Vericiguat did not reduce the risk of a composite endpoint of time to cardiovascular death or heart failure (HF) hospitalization among patients with HF and reduced ejection fraction (HFrEF) without recent HF worsening, based on findings from the VICTOR trial presented at ESC Congress 2025 and simultaneously published in The Lancet. However, study investigators said there were fewer cardiovascular deaths with vericiguat compared with placebo.

VICTOR, which was conducted at 482 sites across 36 countries, randomized 6,105 patients with HFrEF but without HF hospitalization within six months or outpatient intravenous diuretic use within three months to either oral vericiguat (target 10 mg dose) or matching placebo. The median participant age was 68 years, 23.6% were women, 64.4% were White and 47.5% had no previous hospitalization for HF. The primary composite endpoint was time to cardiovascular death or HF hospitalization.

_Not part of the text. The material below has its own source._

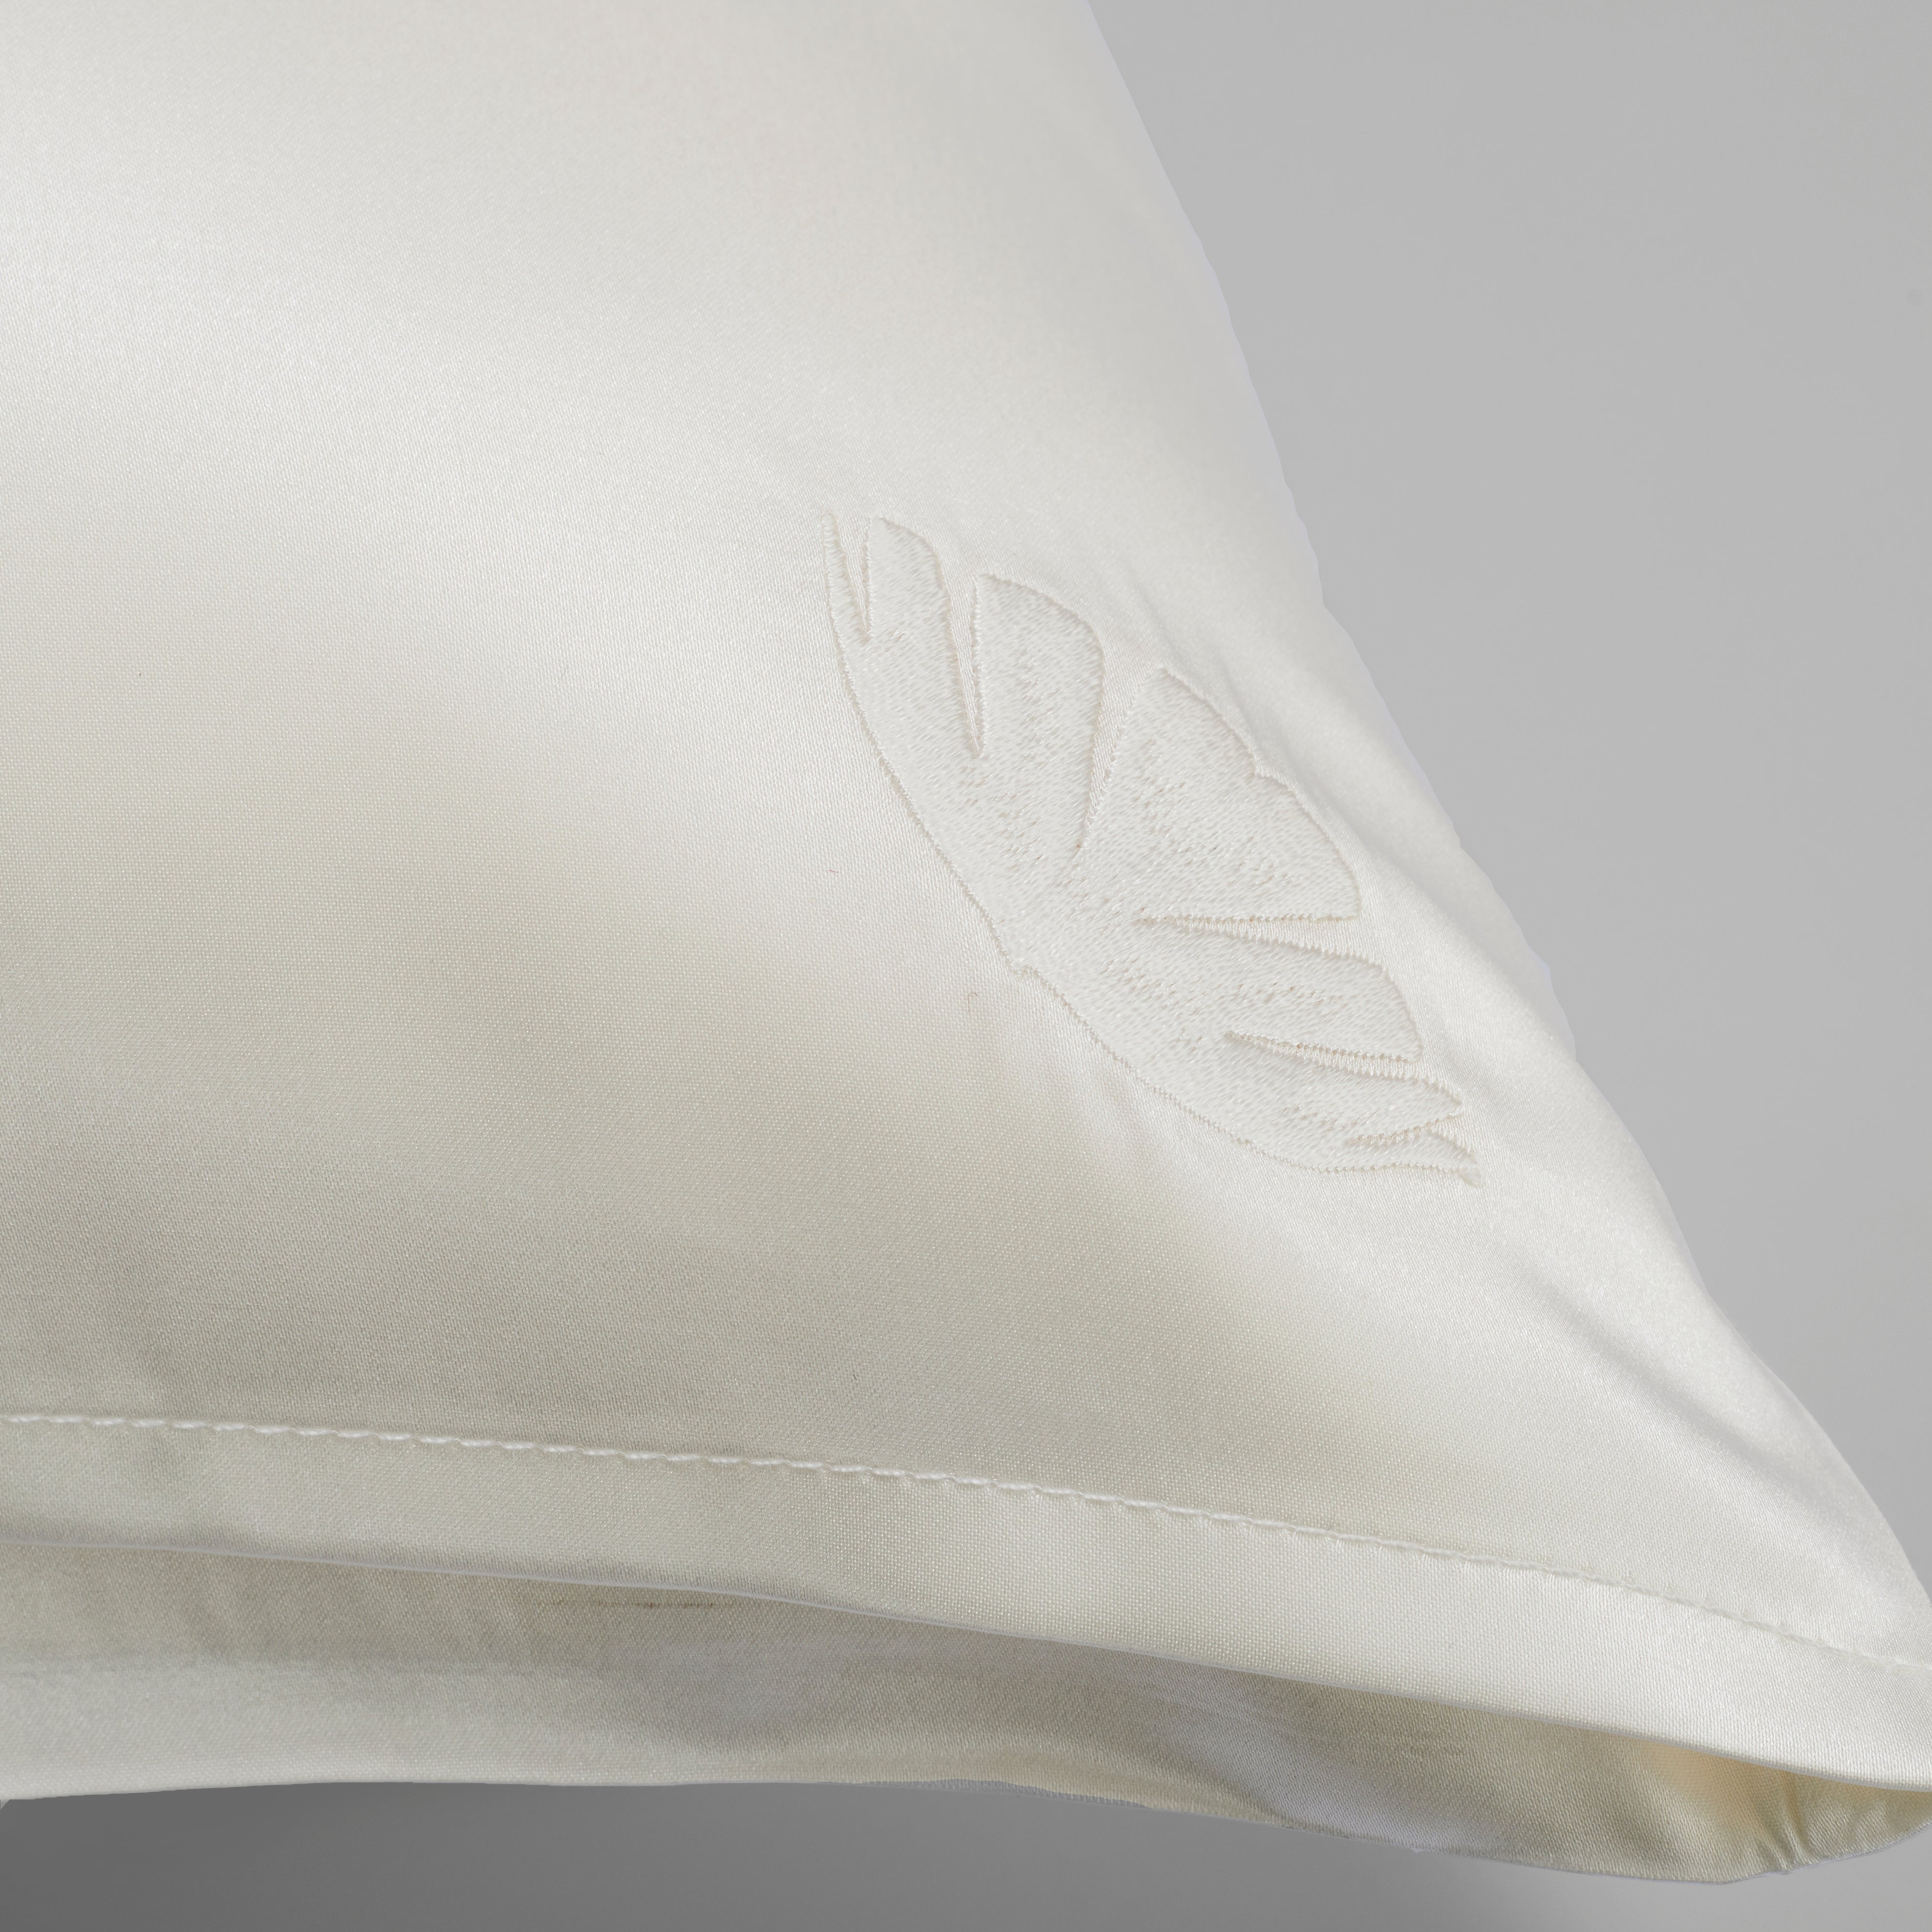 Is silk pillowcase worth it?

Results showed primary outcome events occurred in 549 (18%) of patients assigned to vericiguat compared with 584 (19%) assigned to placebo over a median follow-up of 18.5 months. Broken out by event, cardiovascular death occurred in 292 (9.6%) patients in the vericiguat group compared with 346 (11.3%) patients in the placebo group, while HF hospitalization occurred in 348 (11.4%) vs. 362 (11.9%), respectively. Serious adverse events, of which symptomatic hypotension was the most common, occurred in 717 (23.5%) of 3,049 patients in the vericiguat group and 751 (24.6%) of the 3,049 patients in the placebo group. All-cause death occurred in approximately 12% of patients receiving vericiguat group compared with 14% receiving placebo. Because the primary endpoint was not statistically significant, study investigators said these analyses of secondary and exploratory endpoints should be considered nominal.

"Although vericiguat did not improve the primary composite of cardiovascular death or hospitalization for HF, there were fewer cardiovascular deaths with vericiguat and this translated into fewer all-cause deaths," said Faiez Zannad, MD, PhD, in presenting the findings. "The risk of HF hospitalization was not reduced, which may be due, at least in part, to the high use of contemporary HF therapies and the low proportion of recent hospitalizations in this population. Overall, these findings support the use of vericiguat in ambulatory patients with HFrEF on top of contemporary therapies."

In a secondary analysis of VICTOR data published in JACC, vericiguat did appear to reduce the overall risk of worsening HF considering both outpatient and inpatient events. "Combined with the observed reduction in mortality, these exploratory analyses suggest potential reduction in [HF] events among compensated outpatients with [HFrEF]," said Zannad, et al.

Meanwhile, a pooled analysis using data from more than 11,000 participants in the VICTOR trial, as well as the earlier VICTORIA trial that assessed patients with HFrEF and recent worsening HF, suggests vericiguat may be a useful option in treating a broad range of patients with HFrEF.

The analysis, also presented at ESC Congress 2025 and published in The Lancet, showed vericiguat significantly reduced the composite endpoint of cardiovascular mortality or HF hospitalization compared with placebo. Similar reductions were also observed in cardiovascular mortality and HF hospitalization, as well as all-cause mortality. Of note, the benefits of vericiguat were most pronounced among the 88.7% of participants with a baseline NT-proBNP of ≤6,000 pg/ml, according to study investigators.

"The cumulative evidence from pooling the VICTOR and VICTORIA trials affirms that vericiguat improved outcomes, including mortality, across the broad range of well-treated patients with HFrEF, with the clearest benefit observed in those with NT-proBNP ≤6,000 pg/ml," said Javed Butler, MBBS, FACC. "With once-a-day administration and a favourable safety profile, vericiguat may provide a valuable option for patients across the spectrum of HFrEF severity."

In a related editorial comment, Shun Kohsaka, MD, FACC, and Paul A. Heidenreich, MD, FACC, note that "next, we should move beyond a binary distinction of recent worsening versus stable disease. Priorities are to establish the durability and timing of mortality effects, and to conduct pragmatic effectiveness studies within a background of fully implemented quadruple therapy that incorporate patient-reported outcomes and health economics."

In a related JACC simultaneous publication, researchers updated a meta-analysis from 2022 to include large randomized controlled trials like VICTOR and noted their findings "reinforce the substantial mortality and morbidity benefit associated with the currently recommended quadruple therapy regimen – ARNis, β-blockers, MRAs, and SGLT2is – in patients with HFrEF." They write: "The addition of vericiguat may provide an incremental survival gain of approximately 0.7 years beyond that achieved with quadruple therapy. However, these results should be regarded as exploratory, as they are derived from a secondary endpoint of a single trial."